*Exercise objective*:
Go through the listing below and repeat it exactly, omitting each picture.

*Dataset excerpt*:
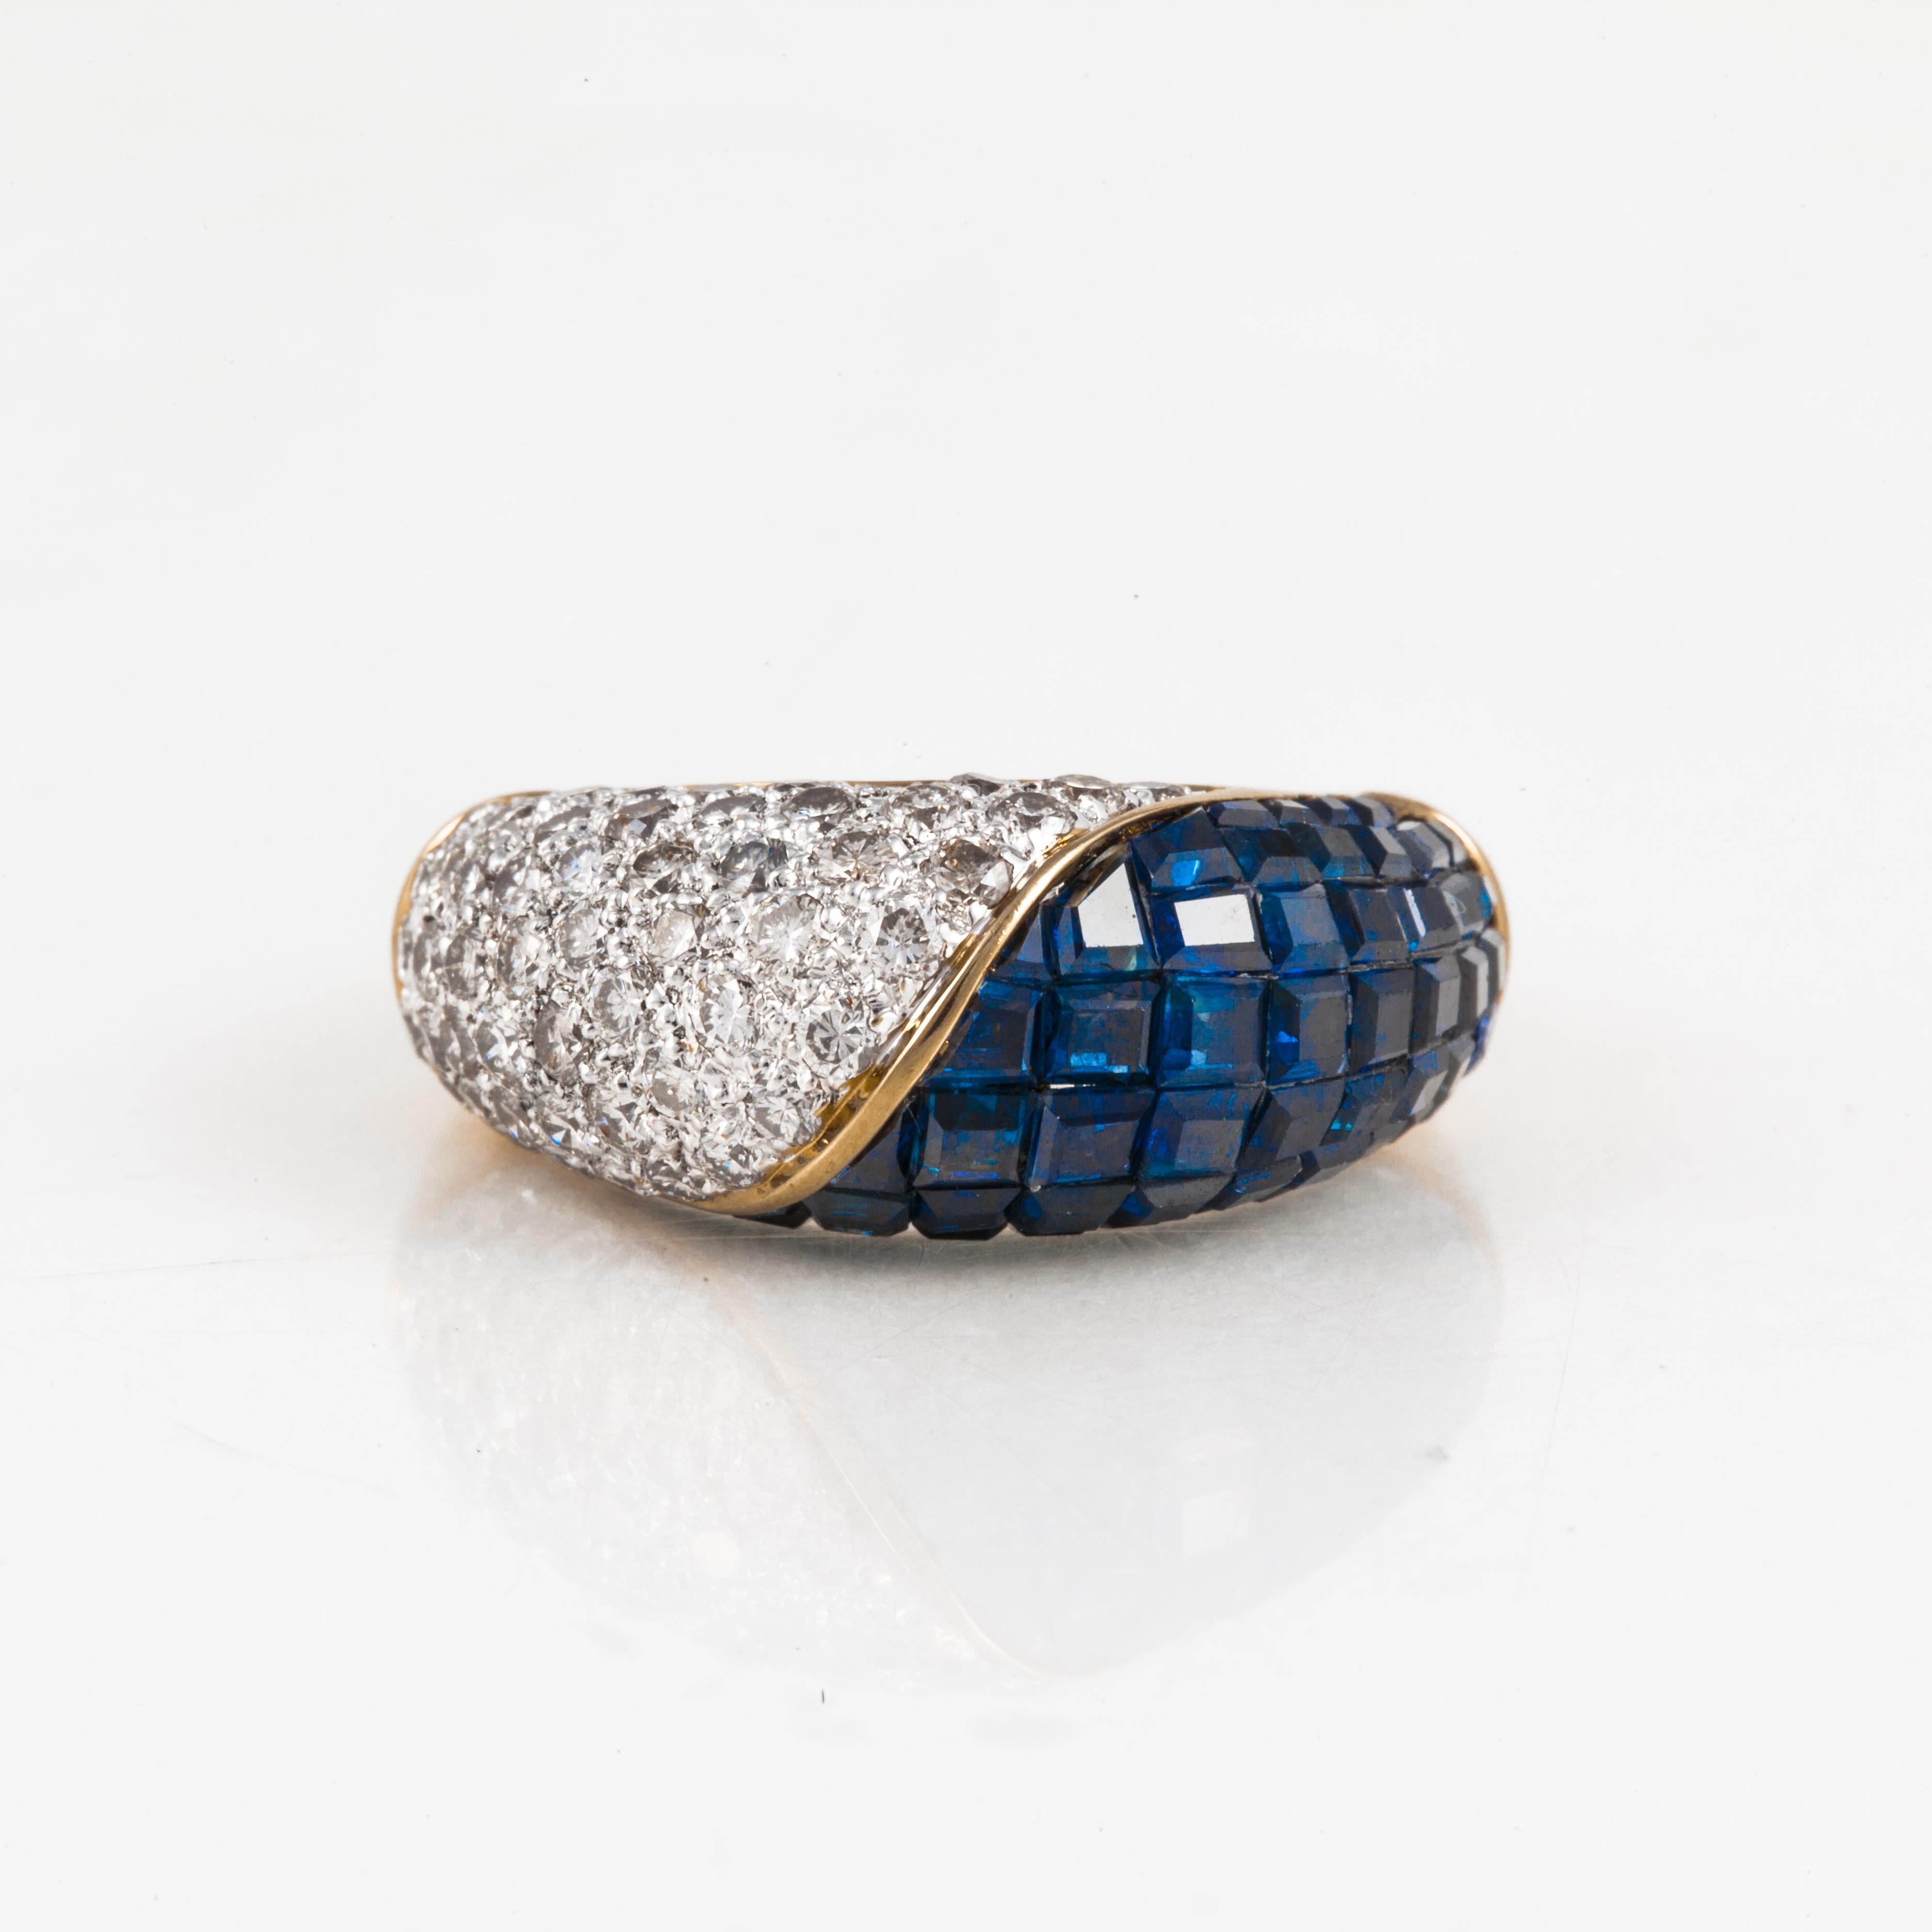 18K yellow gold ring with diamonds and blue sapphires.  There are 52 round diamonds that total 1.30 carats; H-I color and VS-SI clarity.  In addition, there are 54 square-cut invisible-set blue sapphires. It measures 7/8 inches by 3/8 inches and
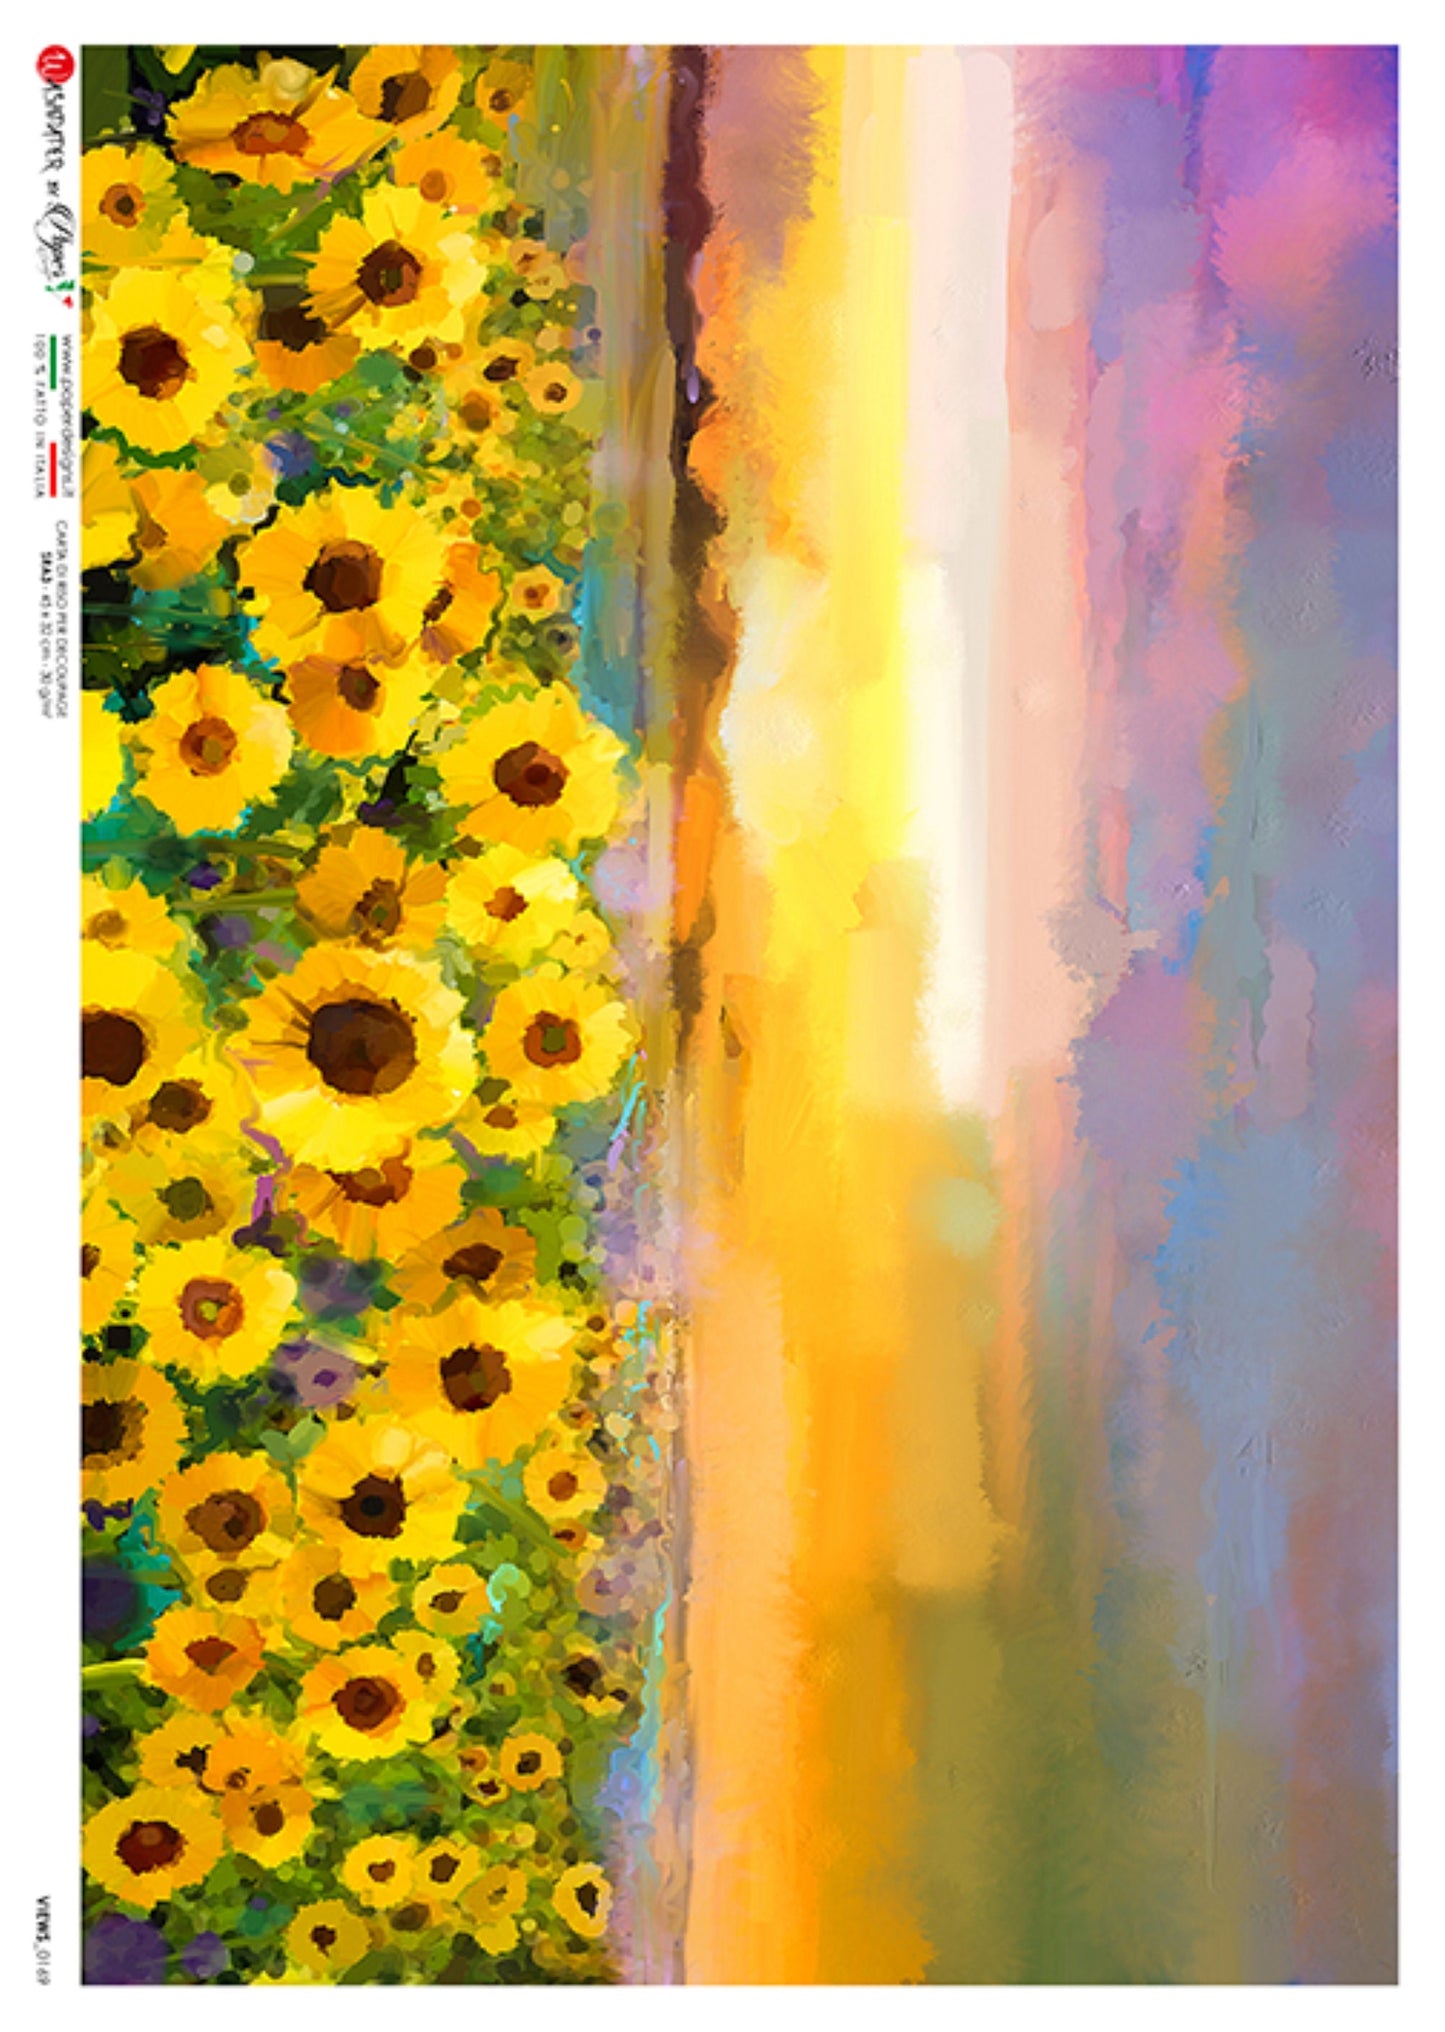 Paper Designs. Sunflowers. Sunset Views. 0169-A4 Size: A4 - 8.3" X 11.7" Rice Paper for Decoupage
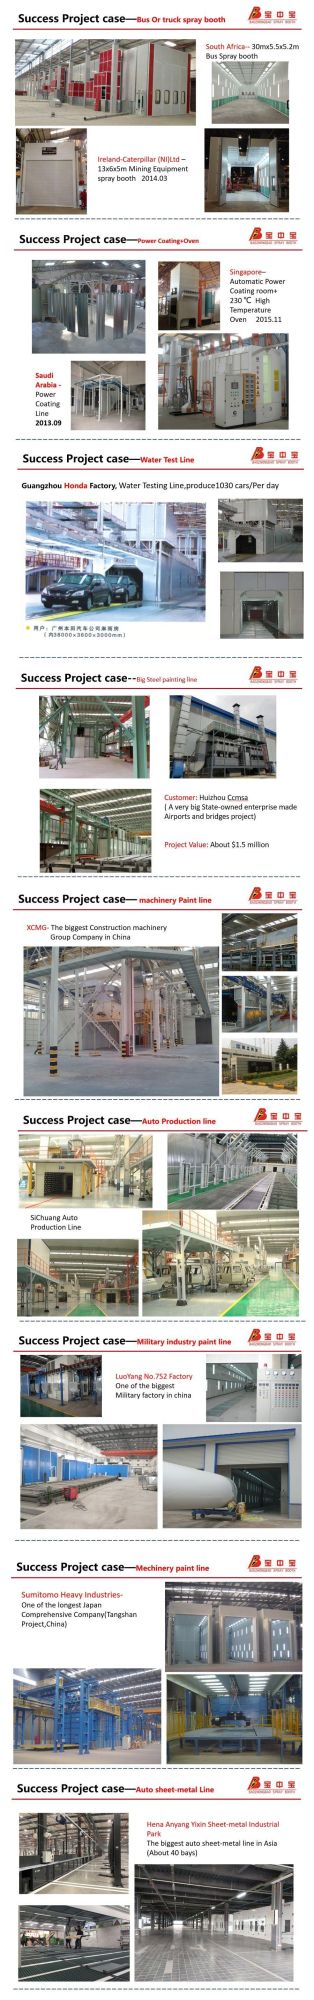 Airplane Spray Booth From Bzb Finishing Solutions Spray Systems Equipments

*Answer below*:
 18K yellow gold ring with diamonds and blue sapphires.  There are 52 round diamonds that total 1.30 carats; H-I color and VS-SI clarity.  In addition, there are 54 square-cut invisible-set blue sapphires. It measures 7/8 inches by 3/8 inches and
 Paper Designs. Sunflowers. Sunset Views. 0169-A4 Size: A4 - 8.3" X 11.7" Rice Paper for Decoupage
 Airplane Spray Booth From Bzb Finishing Solutions Spray Systems Equipments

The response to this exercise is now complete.